In practice, a healthcare practice with strong HIPAA-aligned security controls will generally satisfy the CPA's reasonable security standard for non-PHI data as well — the controls are not in conflict. The bigger challenge is data governance: knowing which systems hold which categories of data, which categories are PHI (and therefore governed primarily by HIPAA), and which are non-PHI personal data (subject to the CPA if applicable).
An IT provider working with a Colorado healthcare practice should understand both frameworks well enough to ask the right questions about data flows: which systems hold patient data, which hold non-patient personal data, how that data moves between systems and to third parties, and what the retention and deletion policies are. Most IT providers focus exclusively on HIPAA and don't address the CPA gap at all.

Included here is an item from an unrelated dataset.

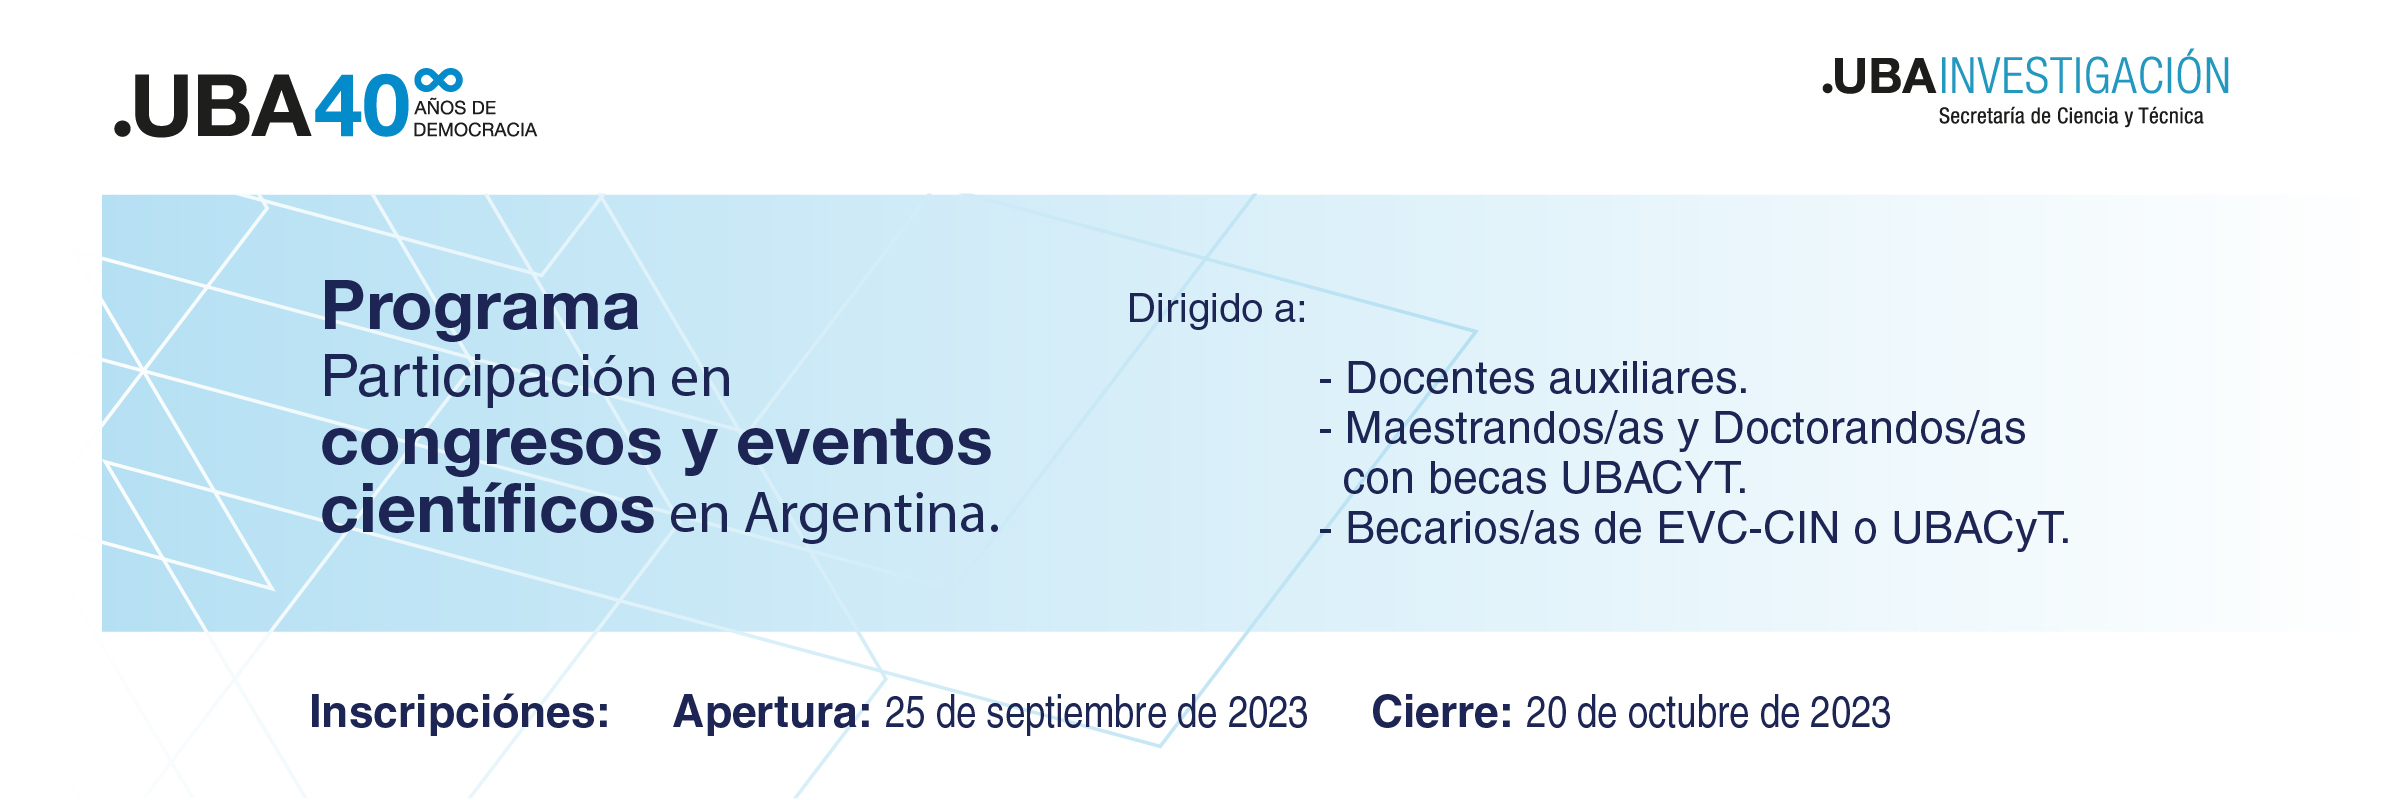 Programa para la participación en congresos y eventos científicos en Argentina

Summary: Operating Under Both Laws
For most small Colorado healthcare practices — a single-location dental office, a small primary care group, a nursing home — the CPA's applicability thresholds may not currently be met. But the law is worth understanding for a few reasons:
- Data volumes grow as practices add patients, use more software, and engage in digital marketing
- The breach notification timeline (30 days) applies to Colorado's Security Breach Notification Act regardless of CPA applicability — and it affects healthcare practices directly
- The HIPAA exemption in the CPA is narrower than it's often described, and non-PHI data may not be covered
- As your practice's data practices evolve — particularly if you use marketing platforms, patient engagement tools, or analytics — the CPA picture can change
Disclaimer: This article is for general informational purposes only and does not constitute legal or compliance advice. Both HIPAA and the Colorado Privacy Act are complex regulatory frameworks. Consult a qualified healthcare attorney for guidance specific to your practice's data practices and compliance obligations.